■ **BRIEF**
Begin at the line containing "Boletim da Secretaria" in the records below, end at the line containing "Imagem: Acervo Imprensa", and retype each line in that span exactly. No other line and no image should appear.

■ **RECORDS FOR PROCESSING**
-=-=-=-=-
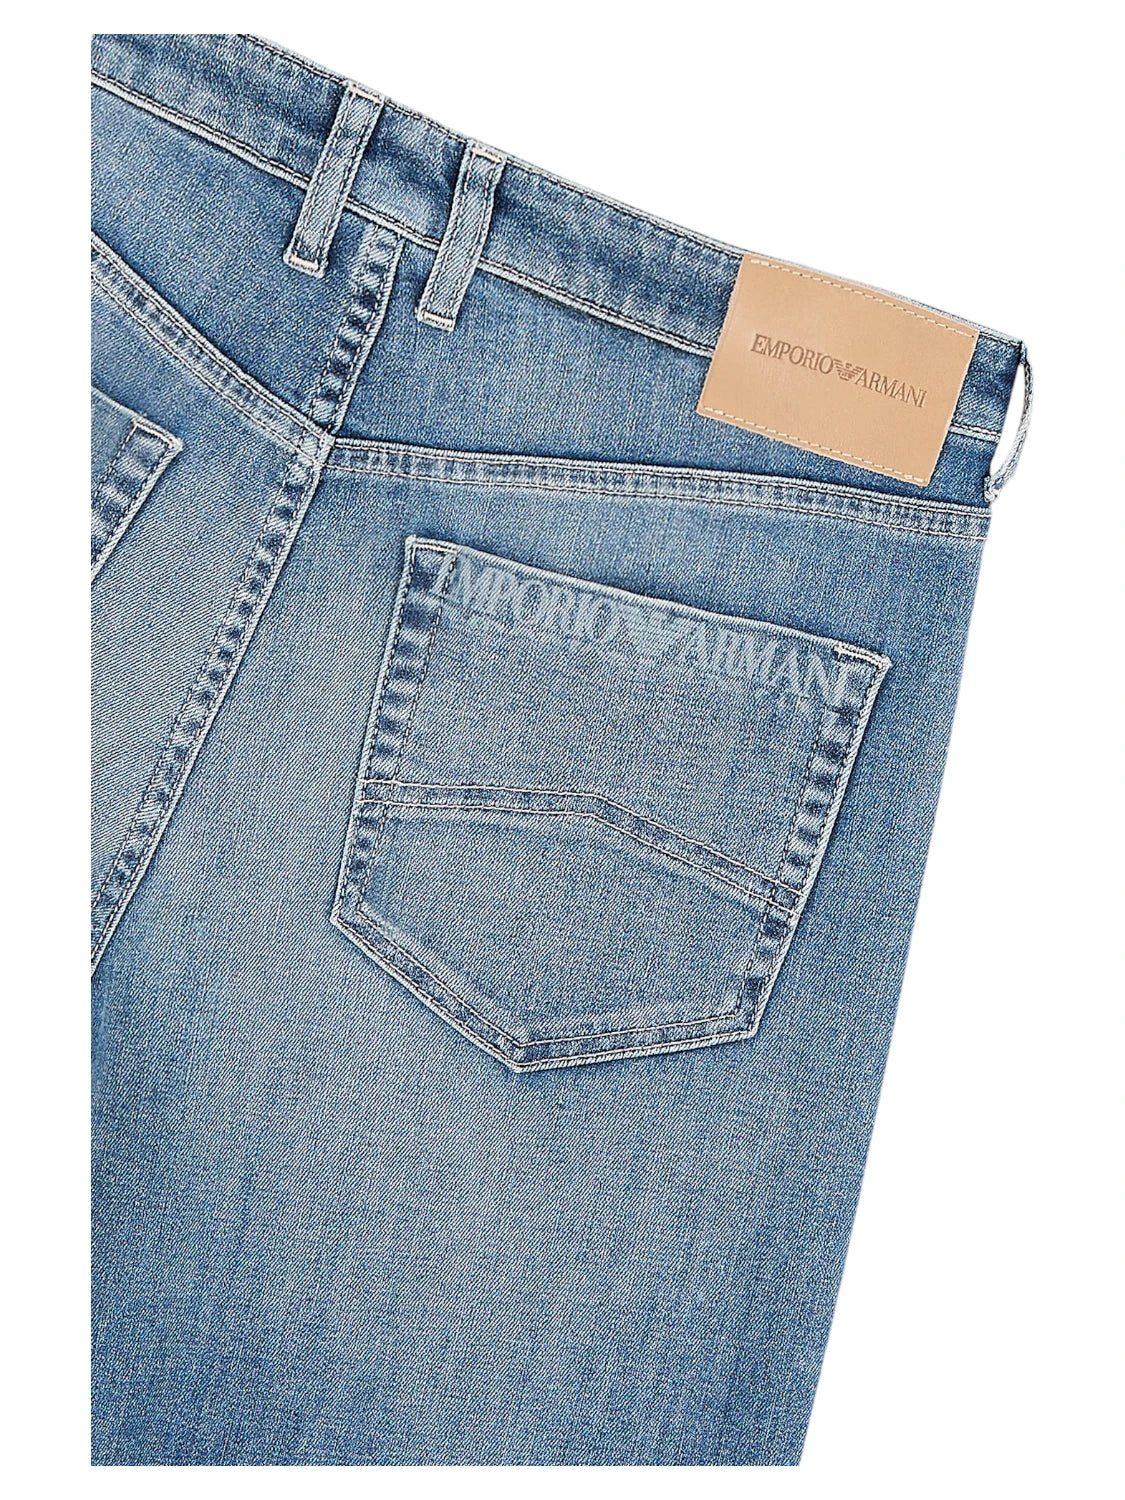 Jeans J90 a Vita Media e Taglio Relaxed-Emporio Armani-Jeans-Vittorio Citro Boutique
-=-=-=-=-
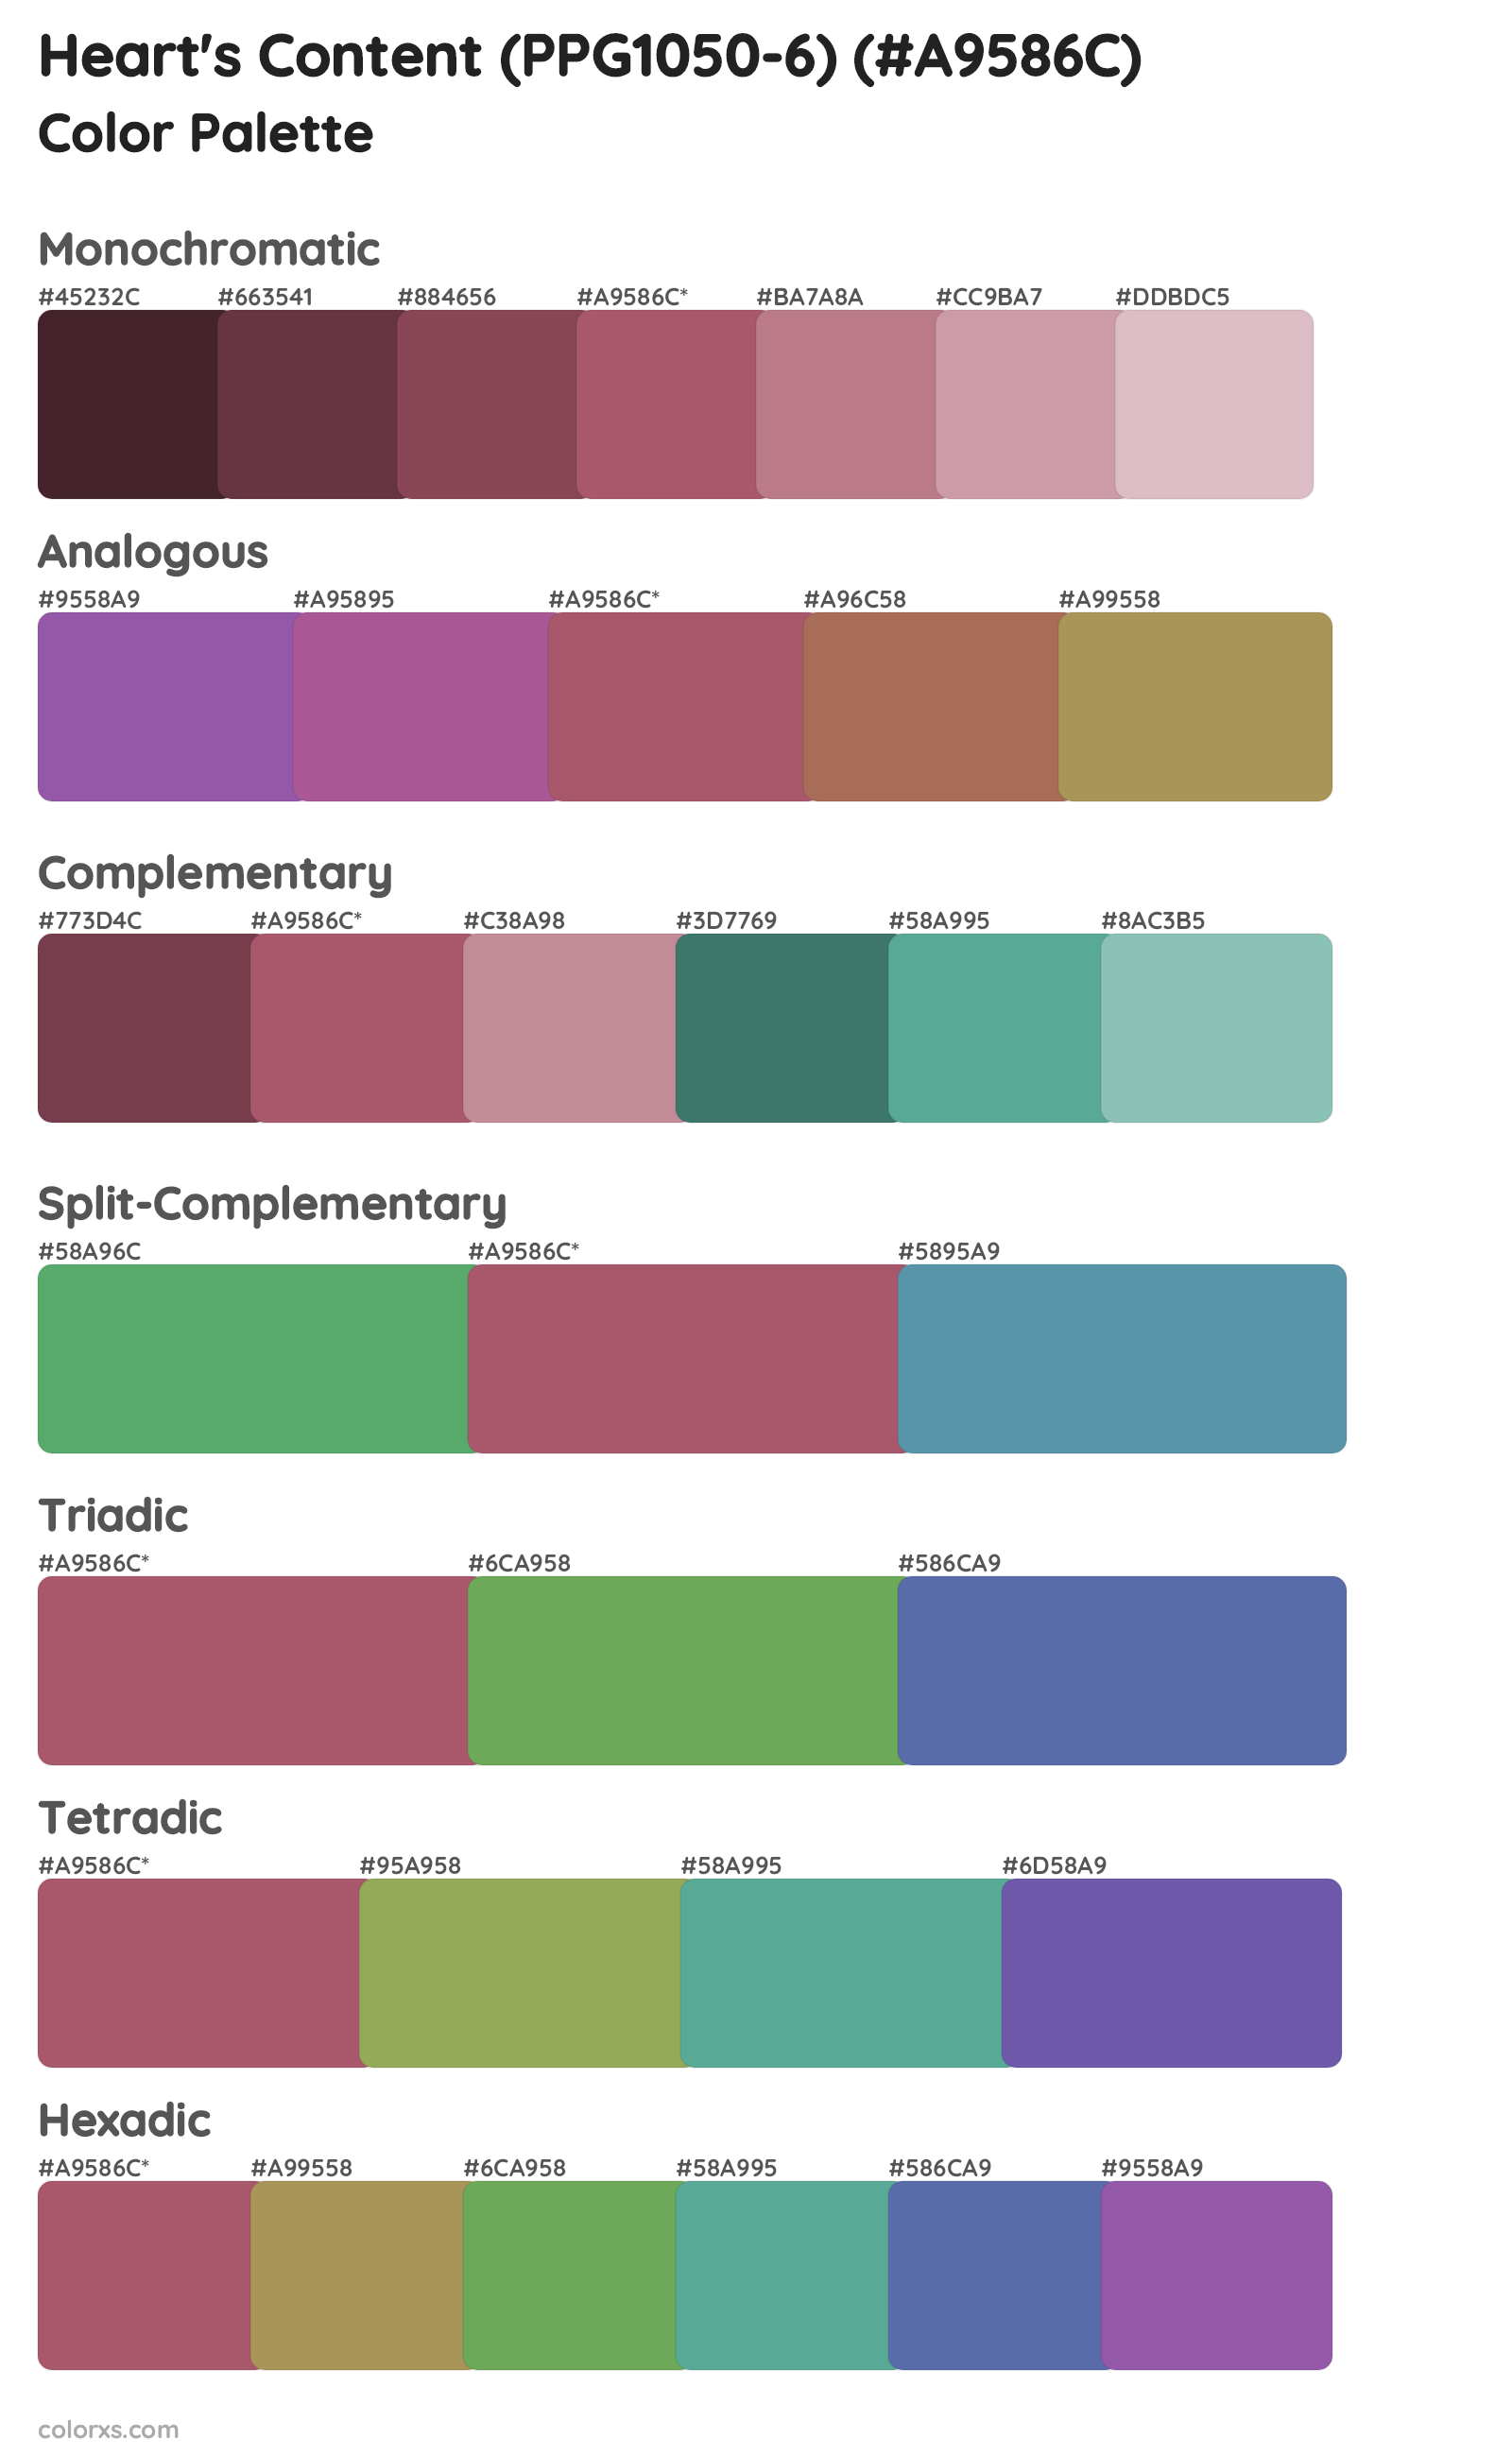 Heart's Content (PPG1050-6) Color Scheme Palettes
-=-=-=-=-
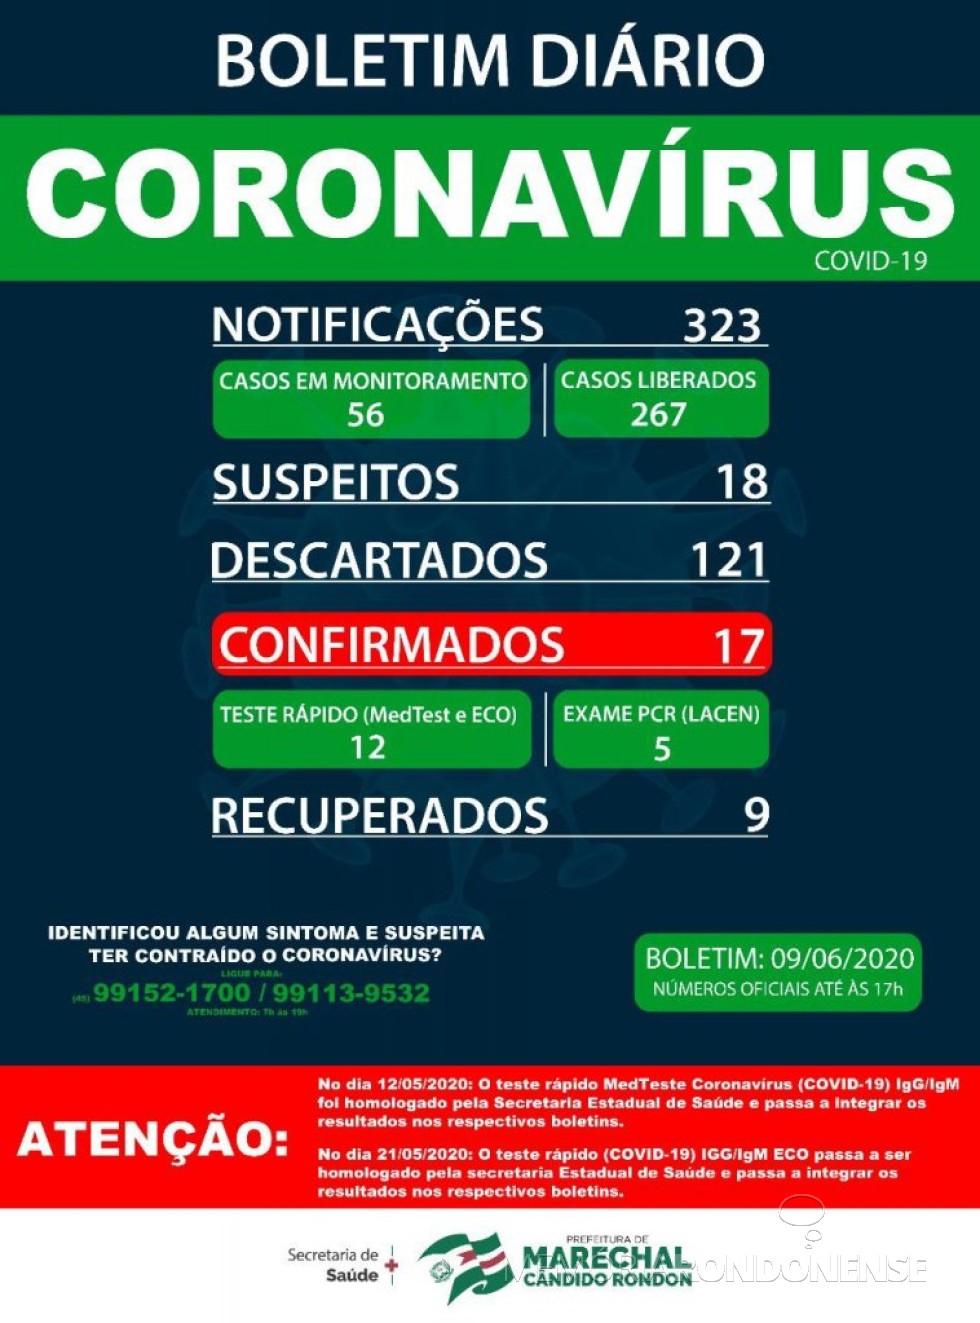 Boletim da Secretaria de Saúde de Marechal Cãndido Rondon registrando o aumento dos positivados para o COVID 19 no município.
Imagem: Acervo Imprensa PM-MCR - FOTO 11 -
-=-=-=-=-
■ **TASK RESULT**
 Boletim da Secretaria de Saúde de Marechal Cãndido Rondon registrando o aumento dos positivados para o COVID 19 no município.
Imagem: Acervo Imprensa PM-MCR - FOTO 11 -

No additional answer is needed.